----- EXERCISE DATA -----

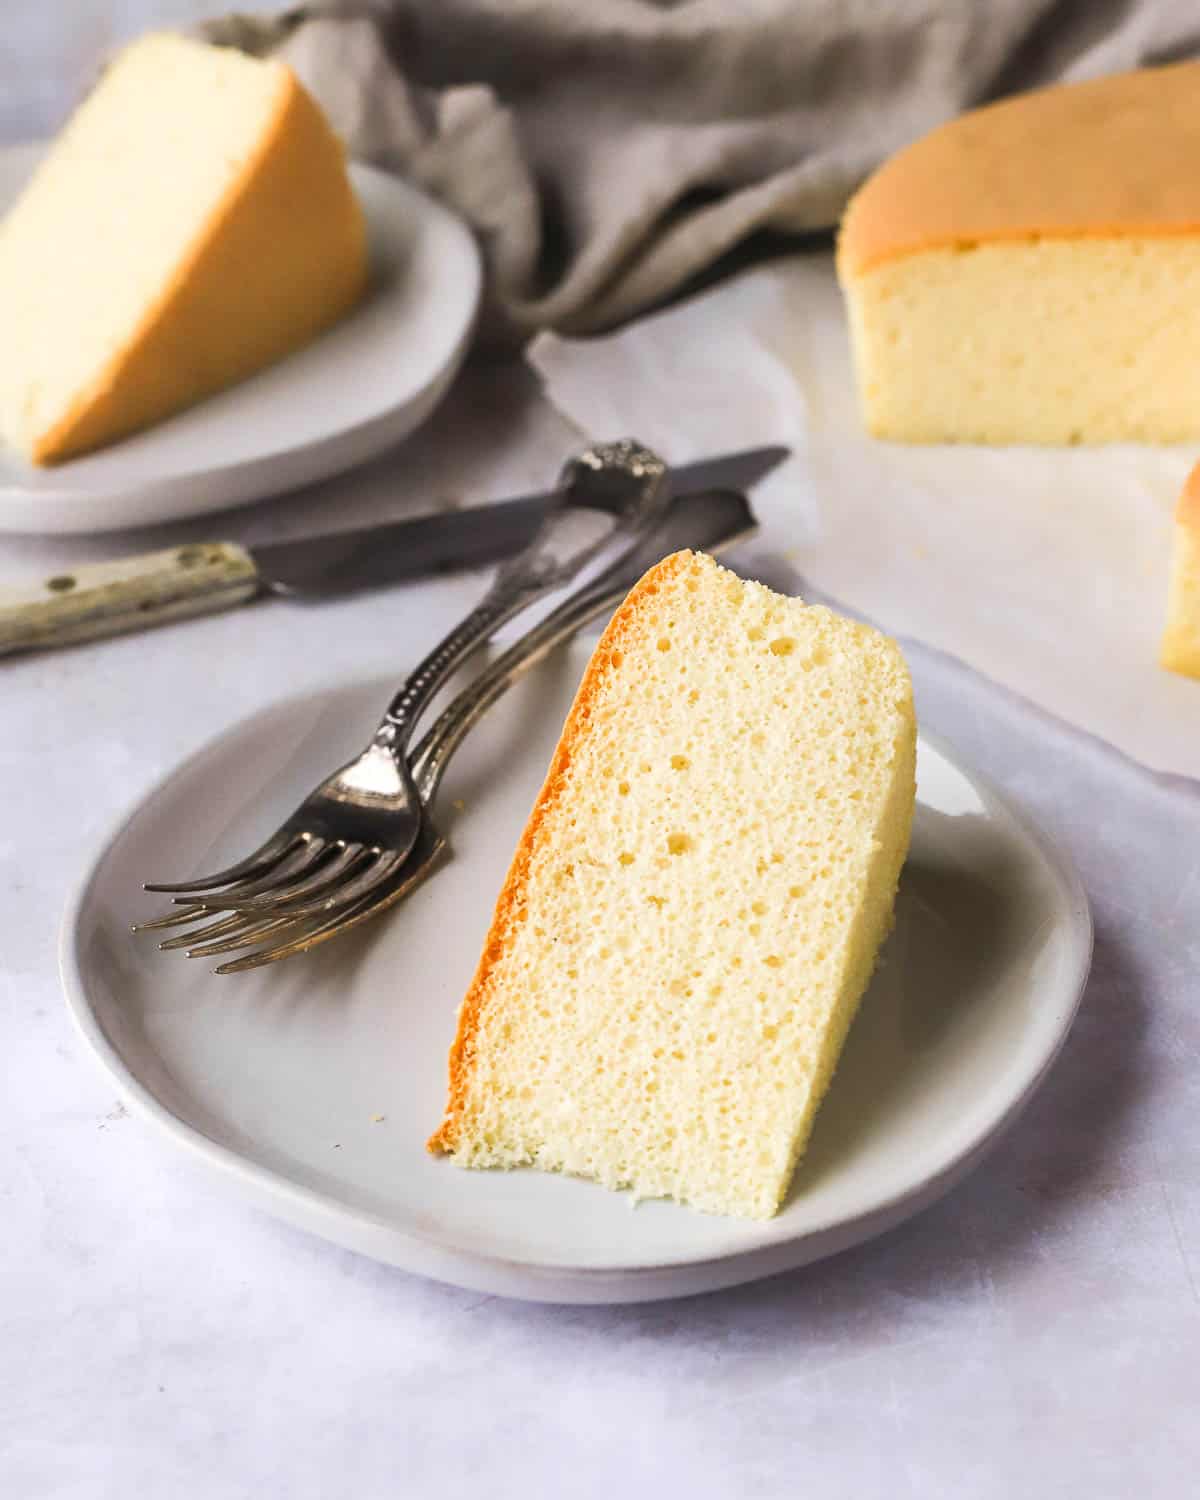 Japanese sponge cake - How to make the most cottony and bouncy cake
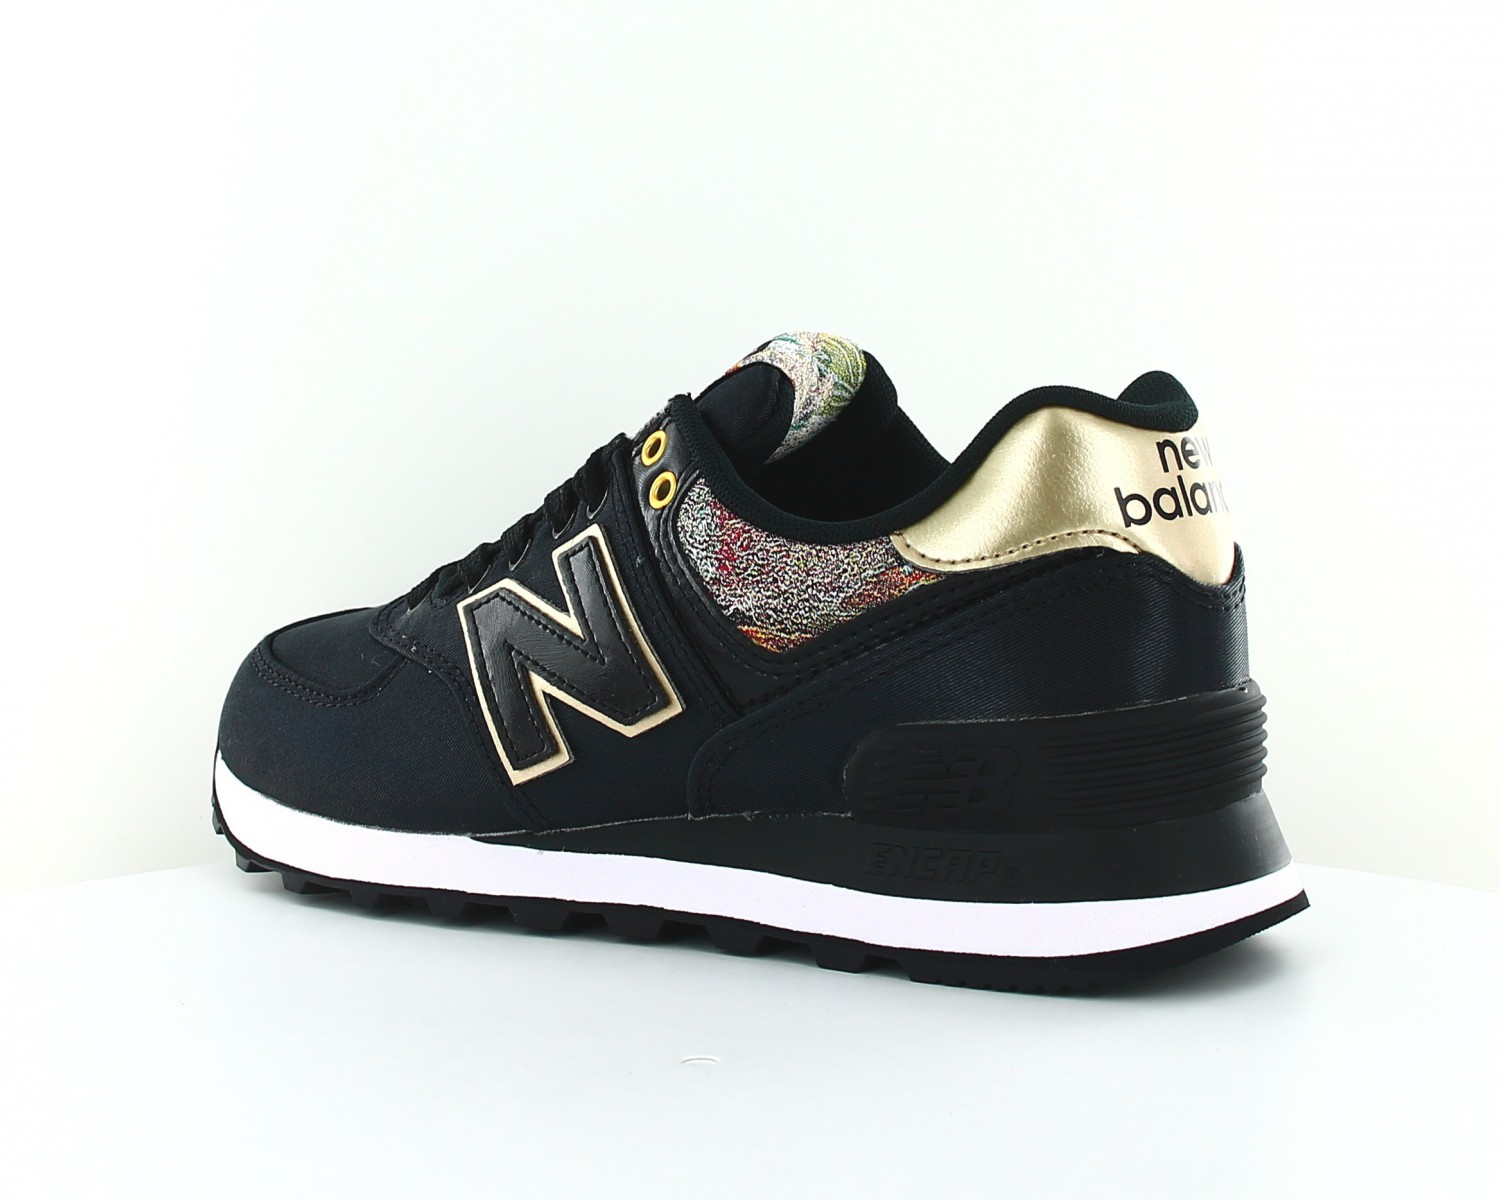 basket noire new balance femme, OFF 75%,where to buy!
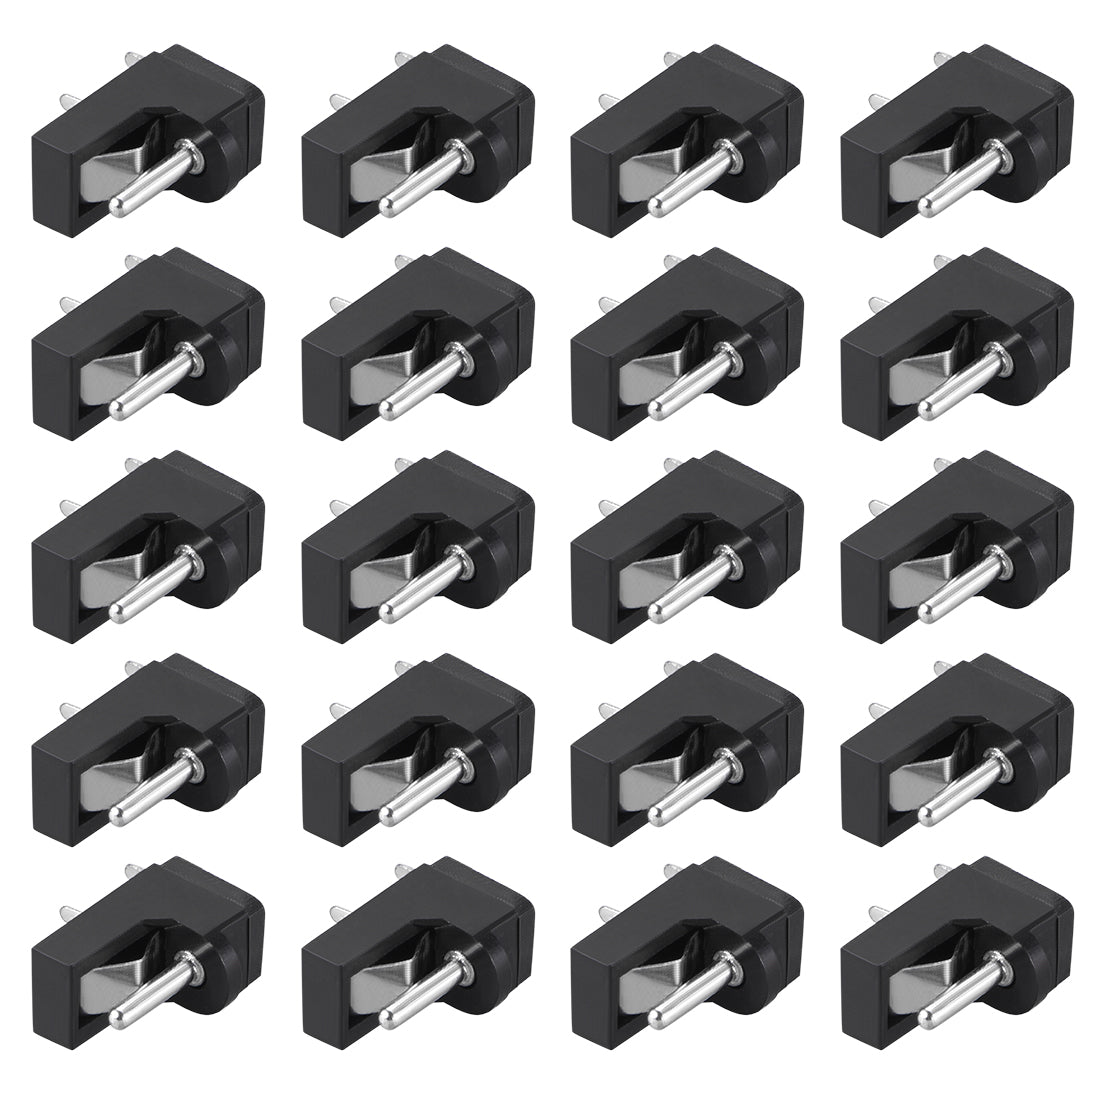 uxcell Uxcell PCB Mount 3.5mm x 1.3mm 3 Pin Audio Video DC Power Connector Socket DC001 Black 20Pcs

-----

# [DIRECTIONS FOR THIS TASK]
Return the full listing exactly as written, without any of its images.

# [ANSWER BOX]
 Japanese sponge cake - How to make the most cottony and bouncy cake
 basket noire new balance femme, OFF 75%,where to buy!
 uxcell Uxcell PCB Mount 3.5mm x 1.3mm 3 Pin Audio Video DC Power Connector Socket DC001 Black 20Pcs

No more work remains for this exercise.